A CBRE analysis of recent office building sales found a majority of those with flexible workspaces sold for either more or roughly the same as properties without flex space and also had cap rates lower than national and market averages.
The study, which looked at 31 transactions of buildings with at least 10 percent of square footage devoted to flex space within the past five years, found nearly 40 percent of buildings sold achieved values greater than average for their market. Another 52 percent of those deals had values about the same as their market averages.
“Our analysis found that in some cases the presence of flexible-space tenants—and the building improvements they initiate—may benefit overall property values, causing some lower-classified buildings with flexible space to perform as if they were Class A assets,” Julie Whelan, Americas head of occupier research at CBRE, said in a prepared statement. “By investing in build-outs and progressive real estate structures, such as partnerships with flexible space providers, landlords can differentiate their properties and, under the right circumstances, boost their value beyond that of their peers.”
When comparing the sales on a per square foot basis, the study found 43 percent of flex transactions had a higher price, 33 percent were on par with their peers and 23 percent had a lower price per square foot.
Comparing cap rates
CBRE found most flex transactions had cap rates lower than the national and market averages, most likely because flex operators tend to choose active investment markets and high-quality buildings for their locations.

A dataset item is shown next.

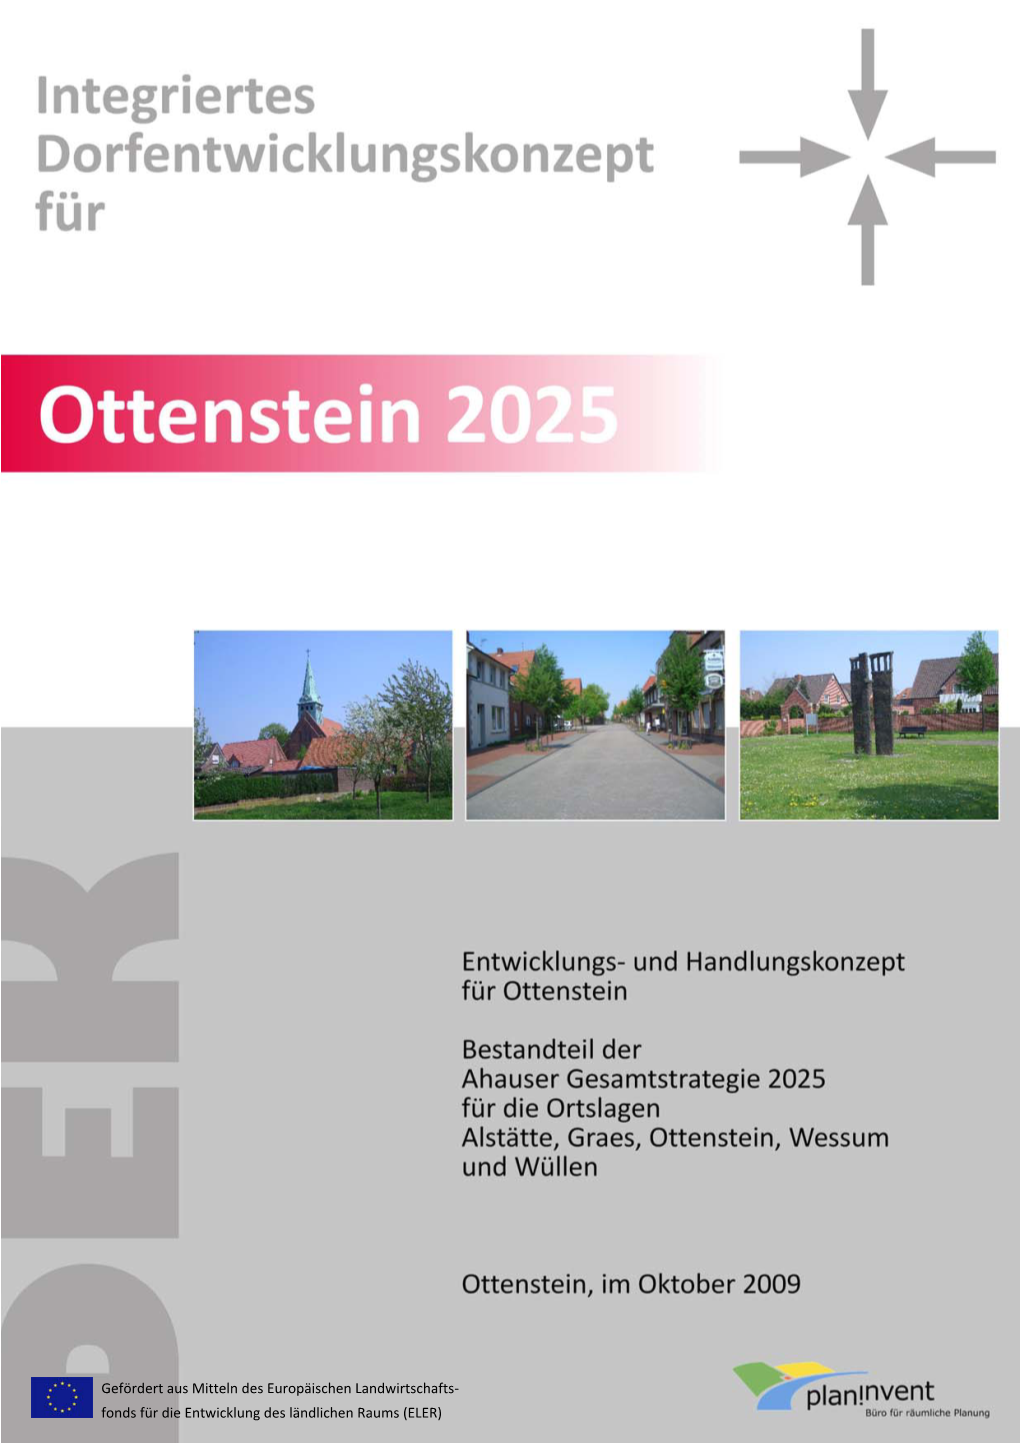 Dorfentwicklungskonzept Ottenstein 2025

But there were differences based on the amount of flexible workspace in the building as well as the class of the building. In transactions of office properties that had less than 40 percent flexible space, 67 percent produced cap rates on par with non-flex peer transactions, the CBRE study determined. The analysts found when flexible space comprised more than 40 percent of the building, 64 percent produced cap rates less favorable than peer transactions.
One factor may be that buildings with high flexible space concentrations may locate more frequently in Class B assets. The study found most Class B flex transactions—57 percent—had higher cap rates than their peers. But it also noted 21 percent had lower cap rates, suggesting that some investors aren’t scared off by the risk of coworking operators.
By comparison, most Class A flex transactions—77 percent—had cap rates that were generally equal to their peers. However, none outperformed their peers on cap rates.
“Flex transactions that have performed well are primarily in markets in the West that have real estate activity driven by the tech sector,” Whelan told Commercial Property Executive. “Properties across the country in markets with strong employment gains, low vacancy and positive net absorption can benefit from the tenancy of flexible space operators.”
Manhattan had the most flexible space by square footage among the top markets tracked by the CBRE study. It had 12.5 million square feet of flex space representing 31 percent of the office inventory and 39 percent year over year growth. Boston had 3 million square feet of flex space representing 1.4 percent of the office inventory and 28 percent year over year growth. On the West Coast, Seattle had 2 million square feet of flex space representing 1.9 percent of the office inventory with 59.7 percent year over year growth. In San Francisco, there was 2.4 million square feet of flex space representing 2 percent of the office inventory and 46.3 percent year over year growth. In the Midwest, Chicago had 3.2 million square feet of flex space representing 1.4 percent of the office inventory and 22.9 percent year over year growth.
CBRE notes this was a small sampling but it does offer some insights to investors who may have been concerned about the risks of buying a building with flexible workspaces. Coworking is the dominant type of flexible space solution today and accounts for more than 25 million square feet of space in the country’s 30 largest office markets. Flex space is expected to continue to expand to about 10 percent of Class A office space nationally by 2028.
“Despite our expectation that the flexible space segment will continue to mature and expand in the coming years, real estate fundamentals will remain the most important consideration for investment, regardless of the presence of flexible space,” Whelan said.